By Aditya SharmaPublished 8 Jun 20263 sources listedSpot an error? Corrections open

7 min read last revised 8 Jun 2026

on this page§ 11

Candidates report that AWS Solutions Architect interviews in 2026 combine service knowledge with real-world design questions: how would you architect a multi-region, fault-tolerant application? Confirm current exam guide and service features on the official AWS documentation and exam pages.

AWS Solutions Architect is one of the most in-demand cloud certifications. Interviews test both the SAA-C03 exam syllabus and practical architecture judgment: choosing between services, designing for failure, and optimizing cost.

Core Compute

Q1. What is the difference between EC2 instance types, and how do you choose the right one?
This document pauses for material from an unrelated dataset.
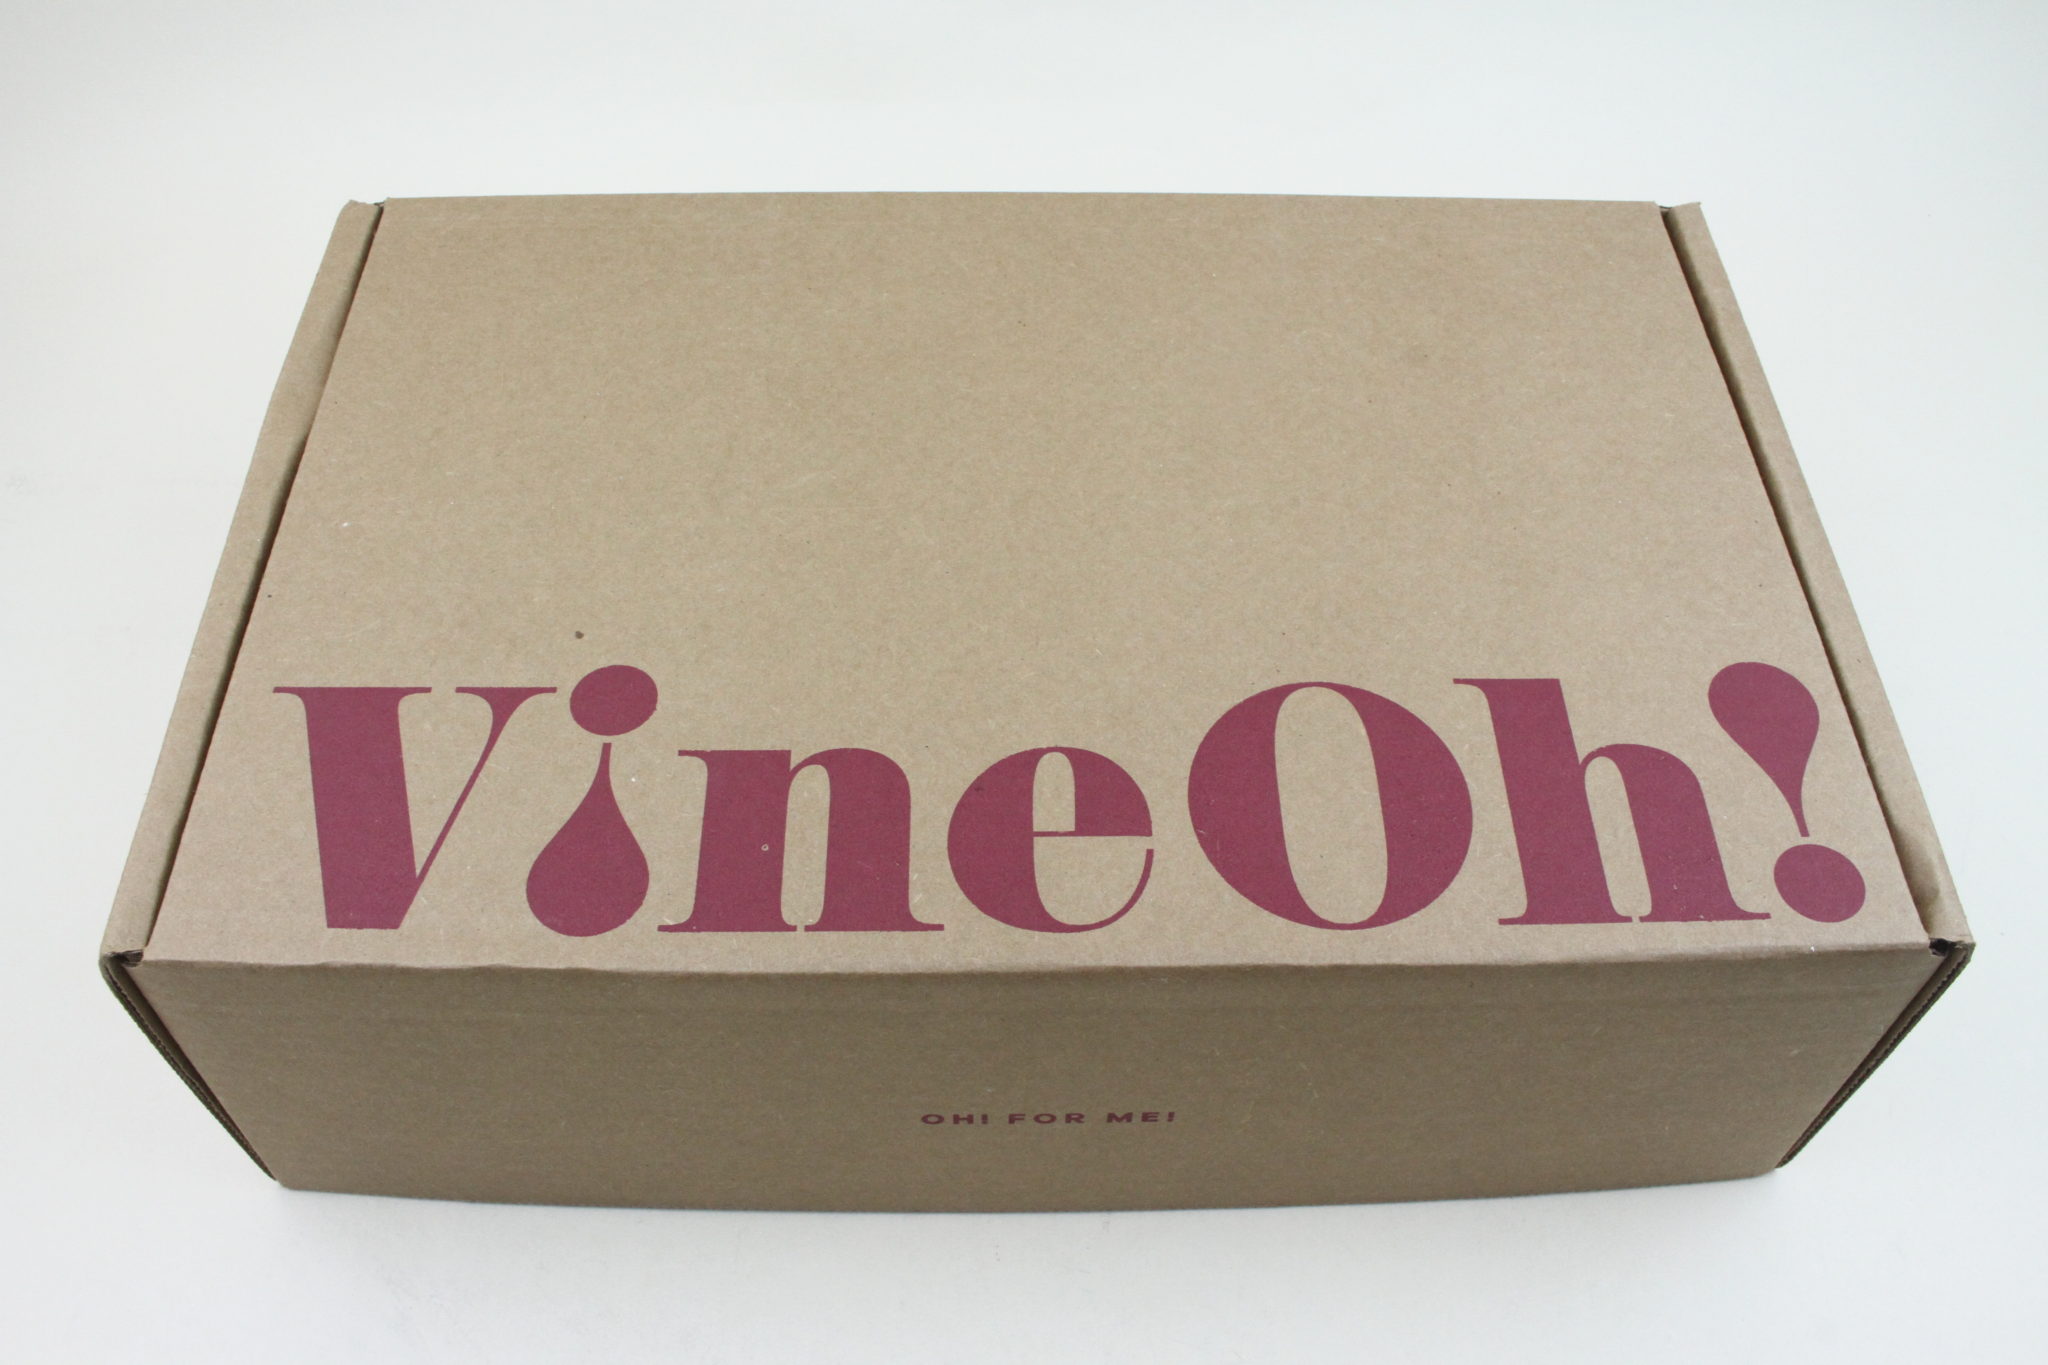 Vine Oh! - Oh! Ho Ho! Box Review

EC2 instances are grouped into families by workload type:

Family	Purpose	Examples
General Purpose	Balanced CPU/memory	t3, m6i, m7g
Compute Optimized	High CPU-to-memory	c6i, c7g
Memory Optimized	High memory-to-CPU	r6i, x2idn, u-*
Storage Optimized	High disk I/O (NVMe SSD)	i3en, d3en
Accelerated Computing	GPU / FPGA	p4d, g5, inf2, trn1
HPC Optimized	Low-latency networking (EFA)	hpc6a

Selection process:

Identify bottleneck: CPU-bound (compute optimized), memory-bound (memory optimized), I/O-bound (storage optimized).
Graviton (ARM) instances (m7g, c7g, r7g): cost less per performance unit, good for containerized workloads.
T-family (burstable): use only for variable workloads with CPU spikes -- sustained high CPU depletes credits.
Spot instances: up to 90% cost savings for fault-tolerant, stateless workloads. Use with Auto Scaling and Spot interruption handling.

Pricing models:

Model	Discount	Commitment	Use case
On-Demand	0%	None	Dev/test, unpredictable
Reserved (1yr)	~40%	1 year	Steady-state production
Reserved (3yr)	~60%	3 years	Committed long-term
Savings Plans	~60%	1-3 years	Flexible (EC2+Fargate+Lambda)
Spot	~70-90%	None	Stateless, fault-tolerant

Q2. What is Auto Scaling, and what are the different scaling policies?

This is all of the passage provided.